Я ответил, что готов исполнить его желание и остался. Когда все разъехались, Гоголь велел слуге взять свечи со стола из комнаты, где было чтение, и провел меня на свою половину. Здесь, в знакомом мне кабинете, он предложил мне сесть, отпер конторку и вынул из нее небольшой сверток бумаг и запечатанный сюргучом пакет.
– Вы когда окончательно едете из Москвы? – спросил он меня.

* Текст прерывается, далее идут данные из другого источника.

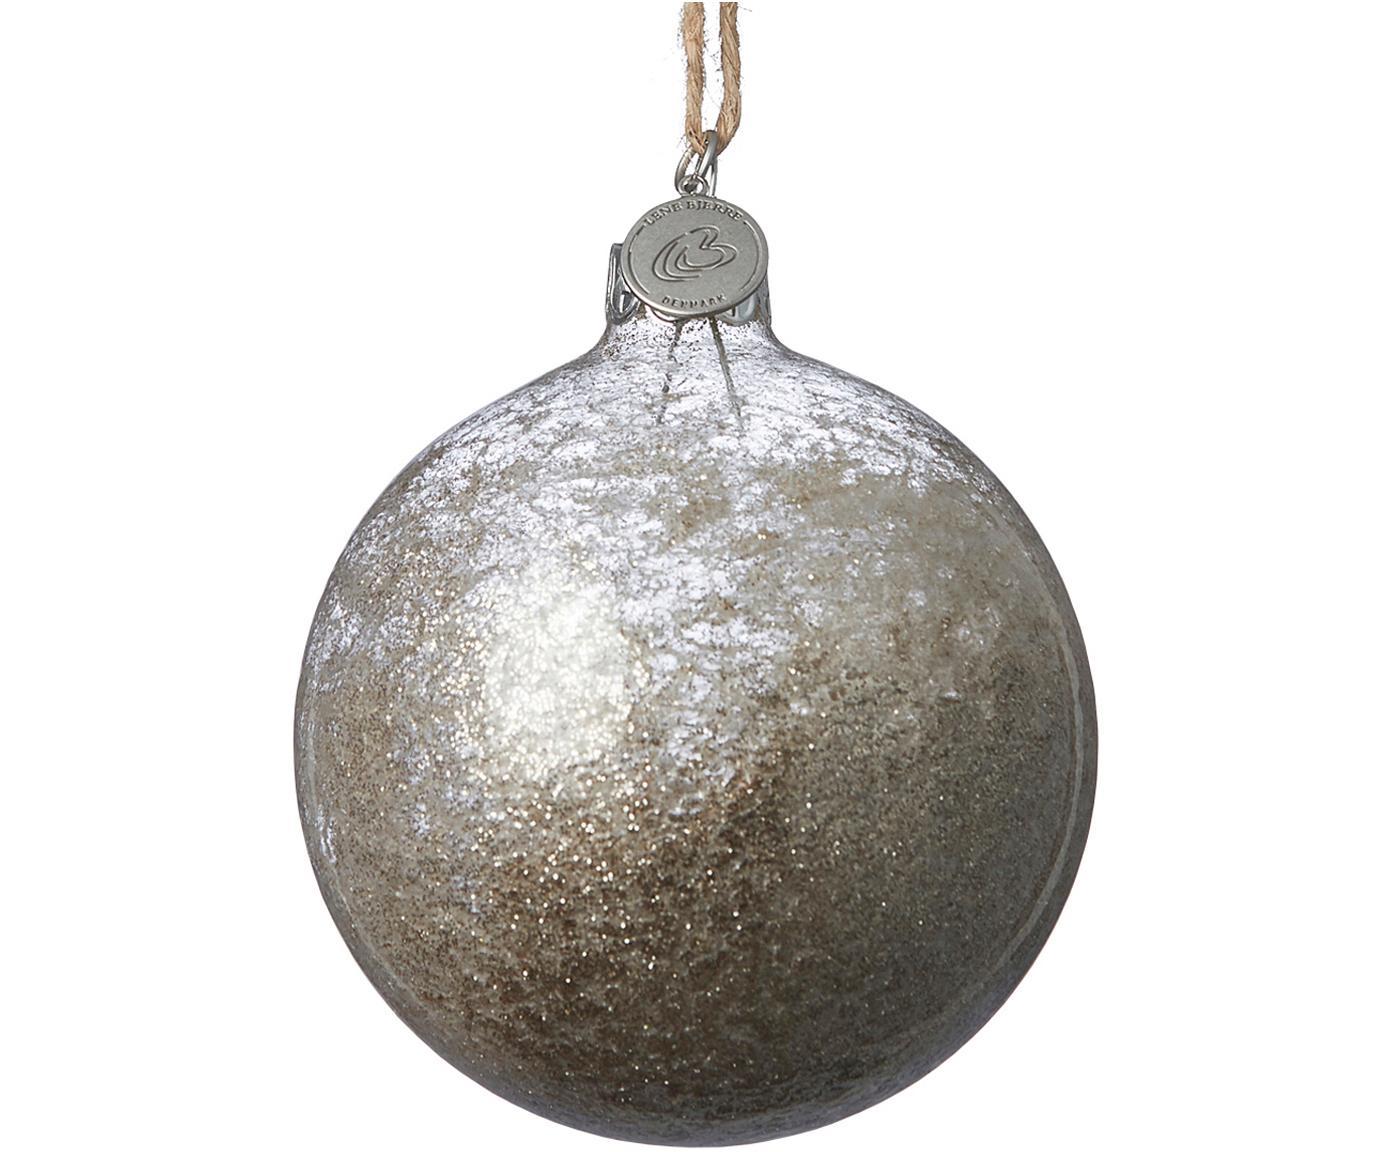 Weihnachtskugeln Velma Ø8cm, 2Stück, Goldfarben, Transparent, Ø 8 cm
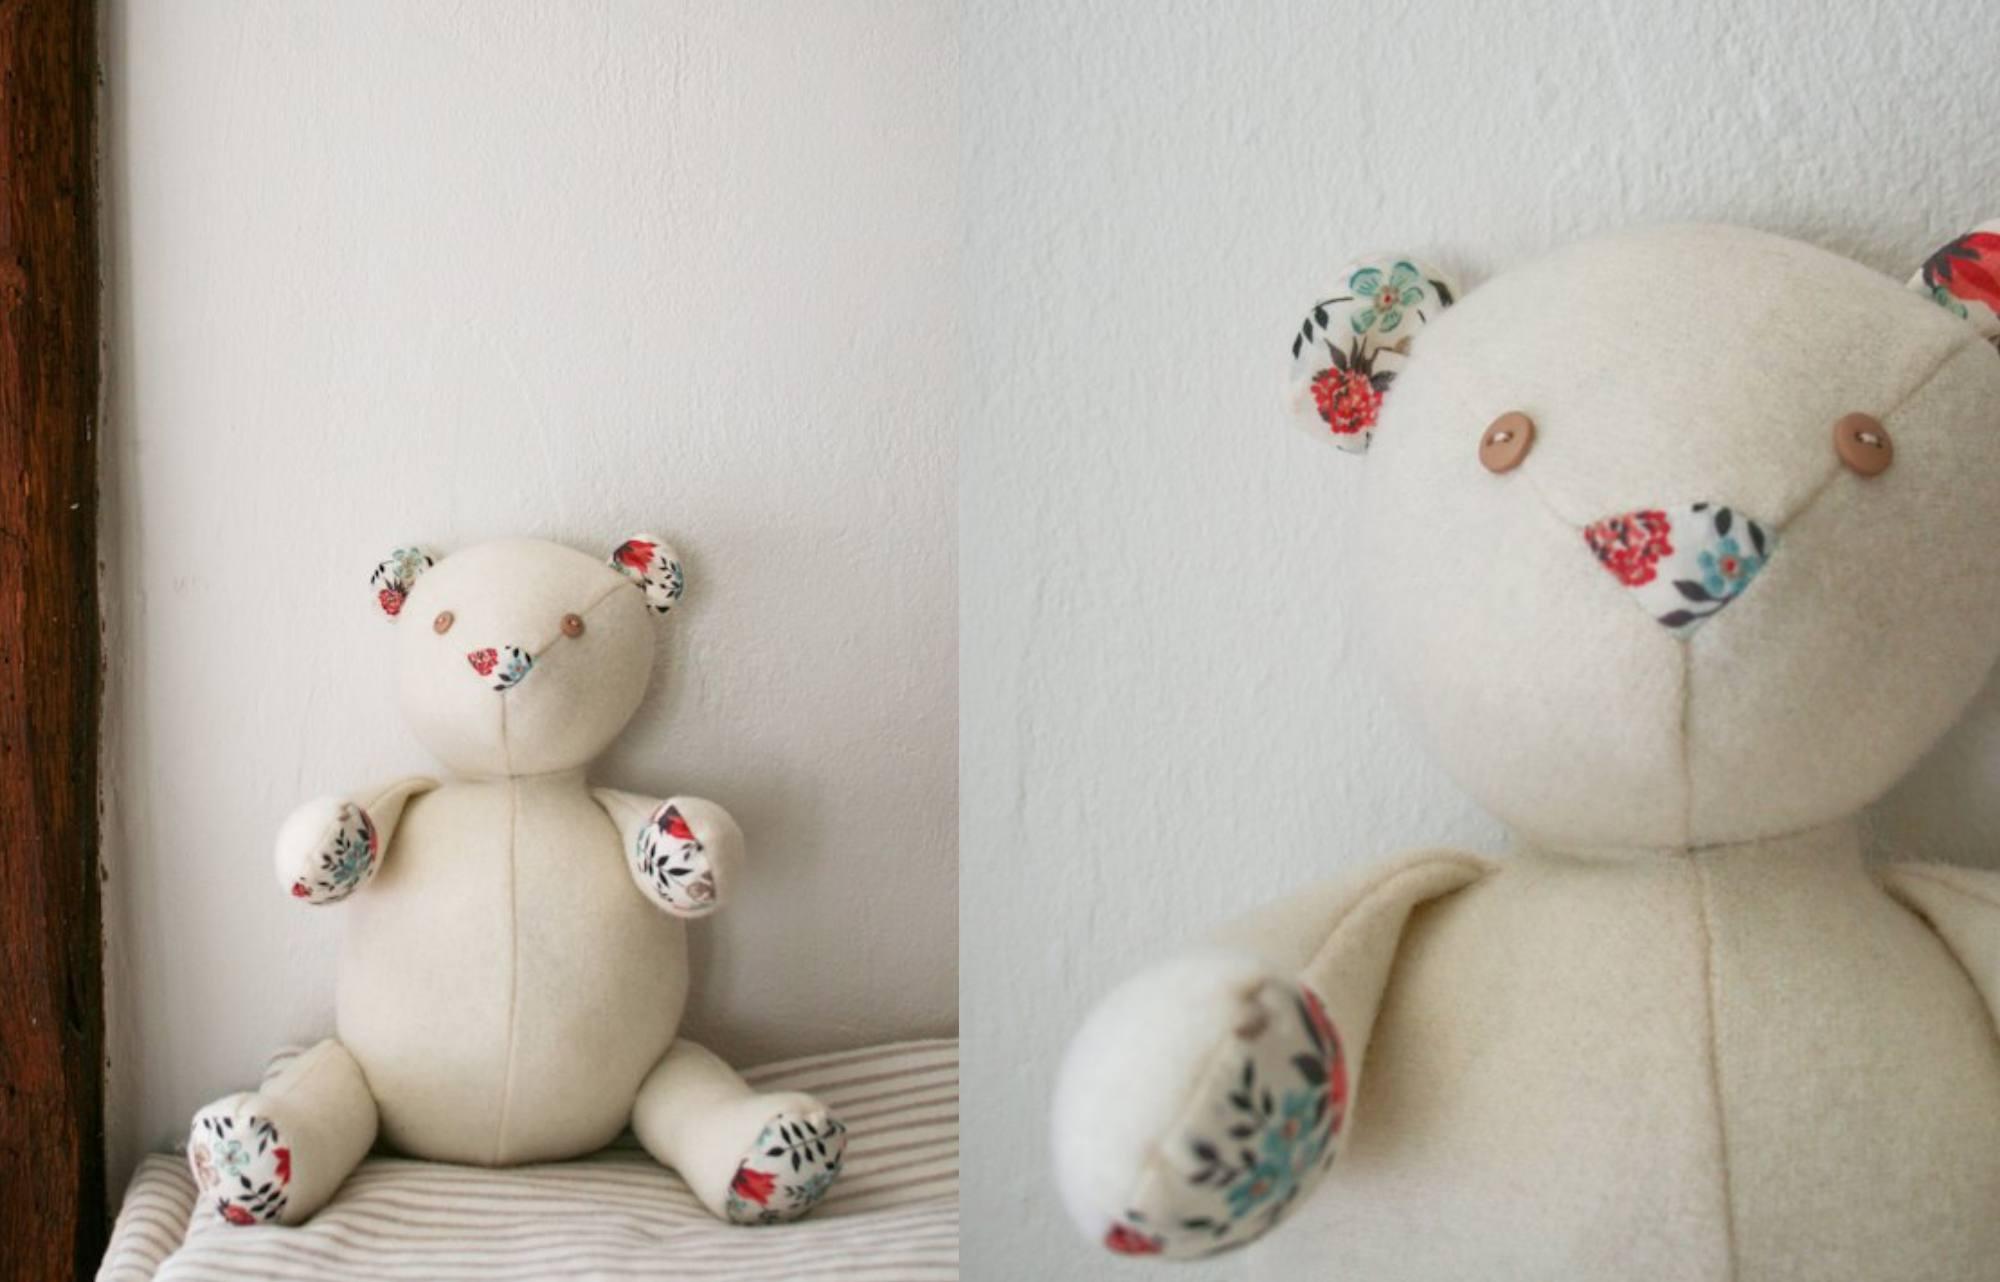 10 Adorable Teddy Bear Sewing Patterns - Free Teddy Bear Patterns Printable

– Завтра, уже взято место в мальпосте.
– Отлично, это как раз устраивает мое дело. Не откажите, – сказал Гоголь, подавая мне пакет, – если только вас не затруднит, вручить это лично, при свидании, Петру Александровичу Плетневу.
Увидев надпись на пакете «со вложением», я спросил, не деньги ли здесь?
– Да, – ответил Гоголь, запирая ключом конторку, – небольшой должок Петру Александровичу. Мне бы не хотелось через почту.
Видя усталость Гоголя, я встал и поклонился, с целью уйти.
– Вы мне читали чужие стихи, – сказал Гоголь, приветливо глянув на меня, и я никогда не забуду этого взгляда его усталых, покрасневших от чтения глаз, – а ваши украинские сказки в стихах? Мне о них говорили Аксаковы. Прочтите что-нибудь из них.
Я, смутясь, ответил, что ничего своего не помню. Гоголь, очевидно желая во что бы то ни стало сделать мне что-либо приятное, опять посадил меня возле себя и сказал: «Кто пишет стихи, наверное их помнит. В ваши годы, они у меня торчали из всех карманов». – И он, как мне показалось, даже посмотрел на боковой карман моего сюртука. Я снова ответил, что положительно ничего не помню наизусть из своих стихов.
– Так расскажите своими словами.
Я передал содержание написанной мною перед тем сказки «Снегурка».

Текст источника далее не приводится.